The all star EDM lineup was complimented by a slew of non-electro acts including indie rock outfits Miike Snow and Little Dragon, rap punk Danny Brown and funk legend Bootsy Collins, making for a weekend showcase that was simultaneously eclectic and cohesive in terms of top shelf quality and each act’s willingness to throw down hard (or, uh, HARD) regardless of what genre they were representing.
The festival marked HARD’s first event since the announcement of the company’s acquisition by international concert and ticketing conglomerate LiveNation, and the all-around setup certainly felt high-level in terms of organization and execution, with airport-style security teams extensively searching each attendee upon entry while narcotics dogs paced nearby.
The substantial safety effort paid off, as the crowd was pleasant, enthusiastic and more or less polite under the watchful eye of omnipresent security. Despite the overt aggressiveness of the music it featured, the festival’s overall vibe was fundamentally friendly, even during at the most hectic bass drop moments on the dance floor. Moving through the crowd was consistently easy and it was rarely difficult to get into a bathroom or near the stage during any given show. Festival kids were even seen inviting people dancing solo to come and kick it with their group, so no one had to dance alone.
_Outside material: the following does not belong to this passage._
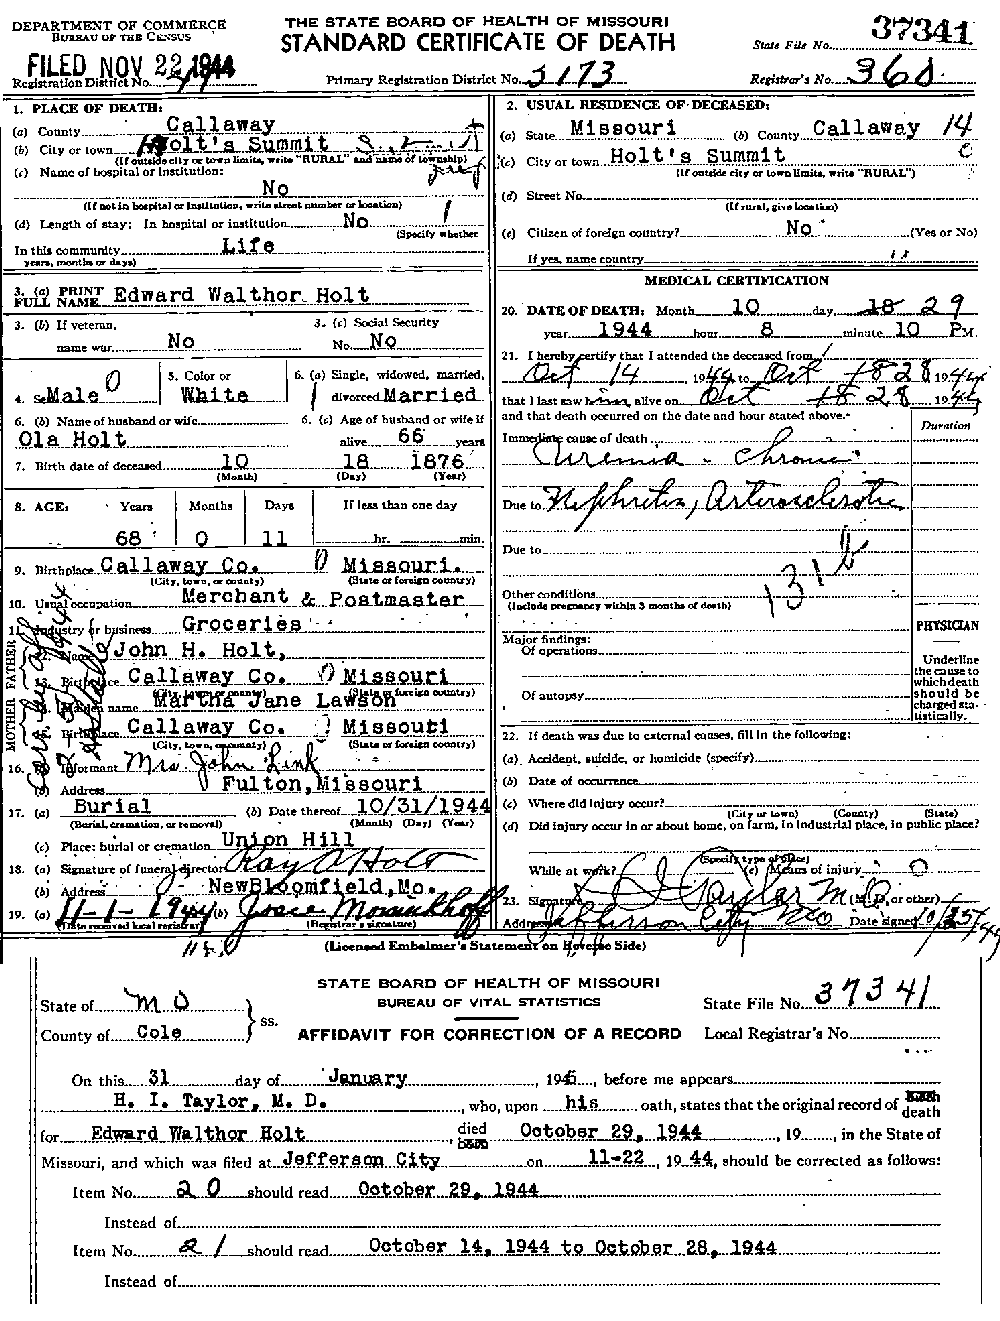 Death Certificate of Holt, Edward Walthor

Warm weather on both days meant festival style bordering on flesh parade and a large percentage of the ethnically diverse crowd came dressed (and undressed) in all varieties of rave wear including the ubiquitous furry boots and tutus along with fairy wings, fangs, fluorescent contact lenses, and at least one elaborate chicken costume.
“The electronic dance movement is about a culture where we can all come together and be whatever we really are and let that inner freak come out,” said a young guy from Chico, California who would identify himself only as the Cat in the Hat. “It’s important to know that we’re not just a bunch of kids getting messed up on drugs.”
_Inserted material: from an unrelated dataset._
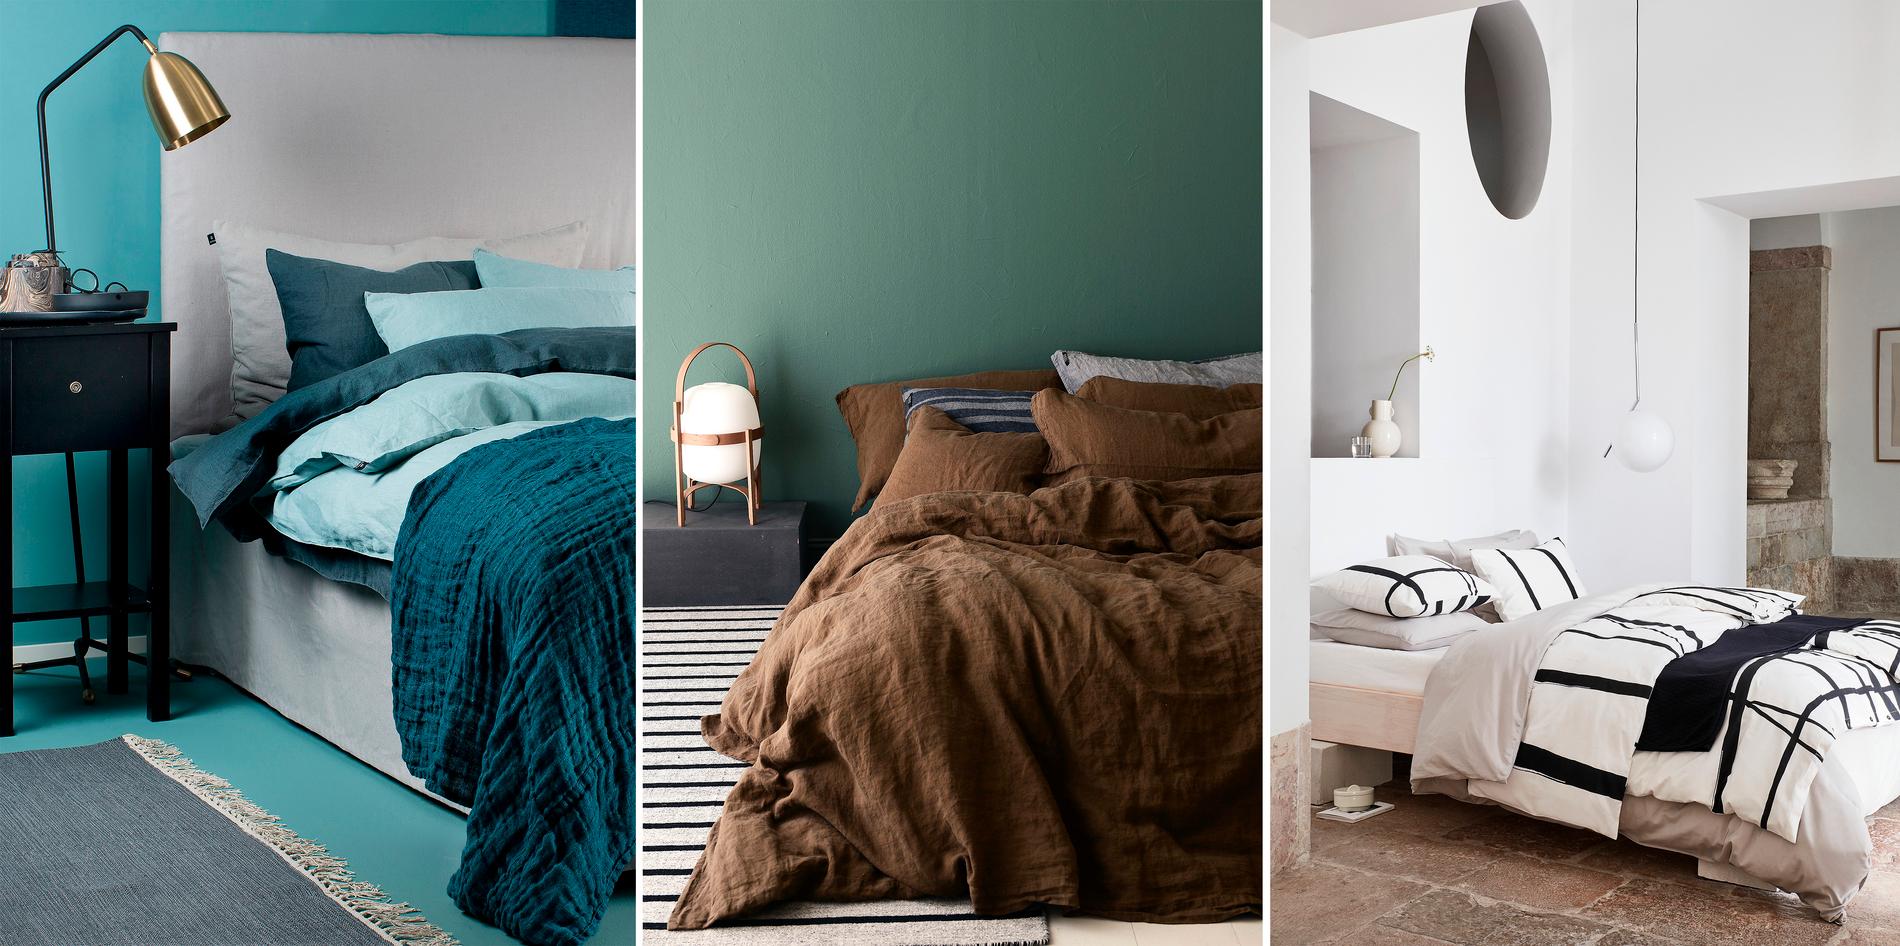 Sköna material, färger och mönster förhöjer den mysiga känslan i ditt sovrum.

Impeccable sound at each stage (two tents, two outdoor) upped the output from youth movement heroes including Alvin Risk, Datsik, Zedd and Dillon Francis, whose Saturday night show was one of the weekend’s best attended. Donning a suit and smiling for much of the set, Francis thrilled the hometown crowd with his signature moombahton before Zedd came onstage and wrapped the night in the OWSLA tent with a body vibrating showing that ended just as Skrillex got to work closing out the festival on the mainstage. This performance, classic Skrillex digital shit storm complete with vaguely nightmarish ADD-influenced visuals, sent the crowd into spasms of bass/noise-induced ecstasy from the front row all the way to the back of the park. No surprise there.
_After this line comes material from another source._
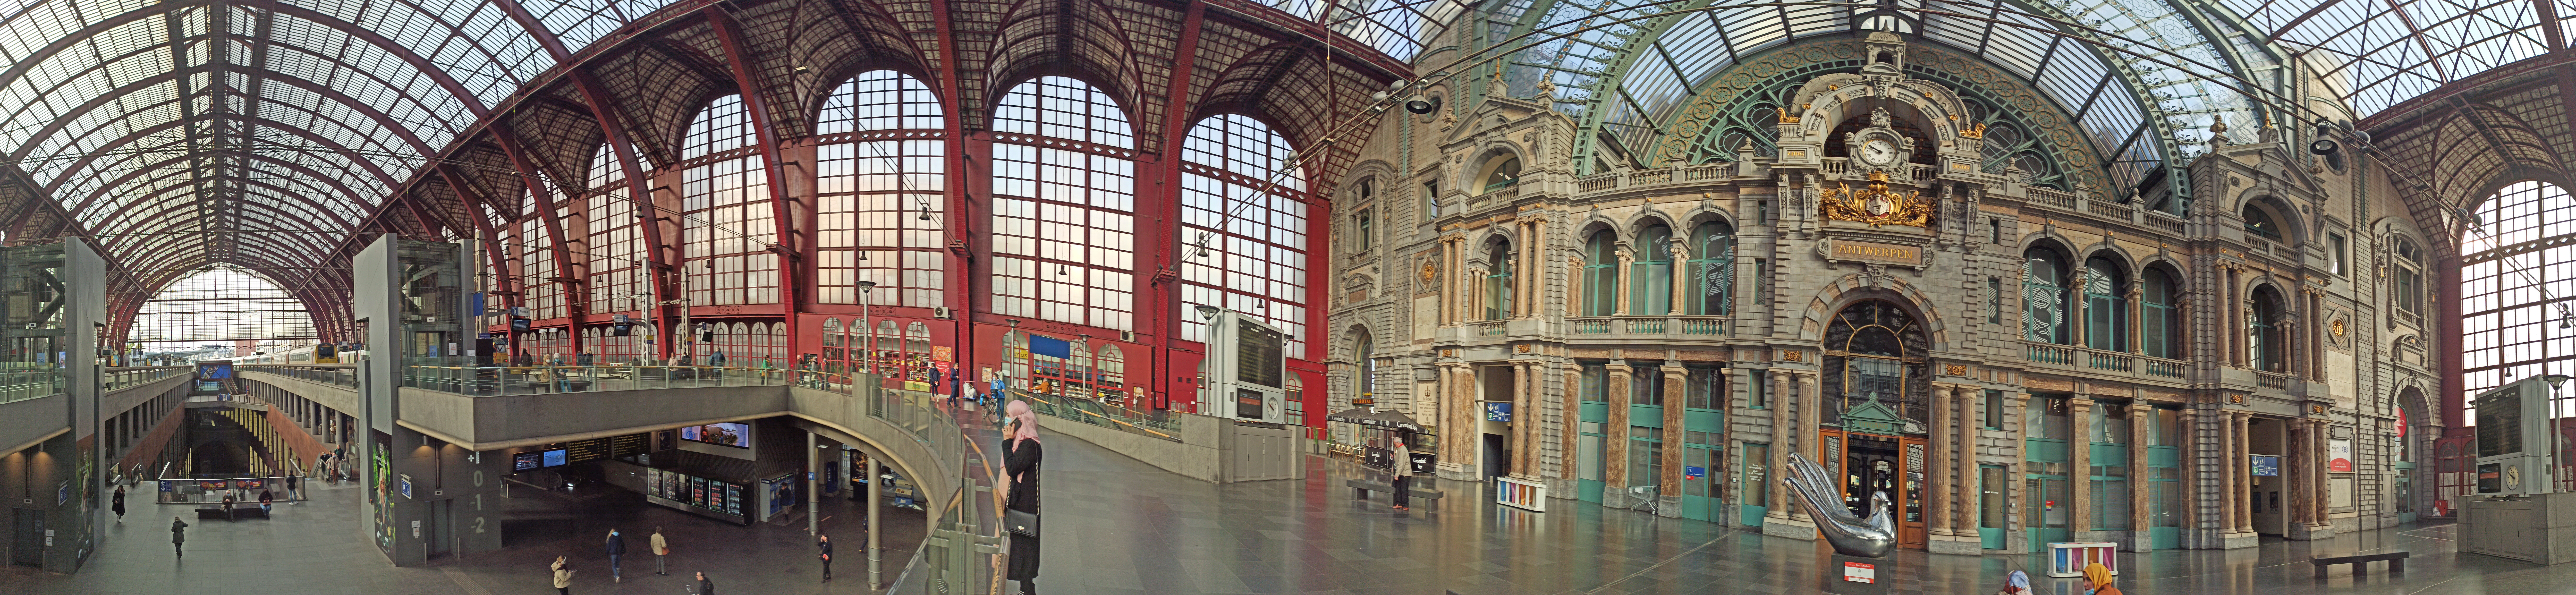 Antwerp Train Station, Belgium, Feburary 2022

Other fest highlights included loud sound electro tinged rock from Miike Snow, a prolific set of chopped and screwed dub from AarabMuzik, the ever-infectious disco pop stylings of Chromeo, A-Trak, who closed the Fool’s Gold tent on Friday and threw down an early evening show the next day on the main stage, and a DJ set from a relaxed looking James Murphy.
Overall, the weekend’s vibe was tight without feeling totalitarian, fun, uncompromised in its coolness and fresh in terms of featuring the best of EDM’s new generation while maintaining the heavy as a brick dance sound style that has rightfully elevated HARD to a worldwide brand.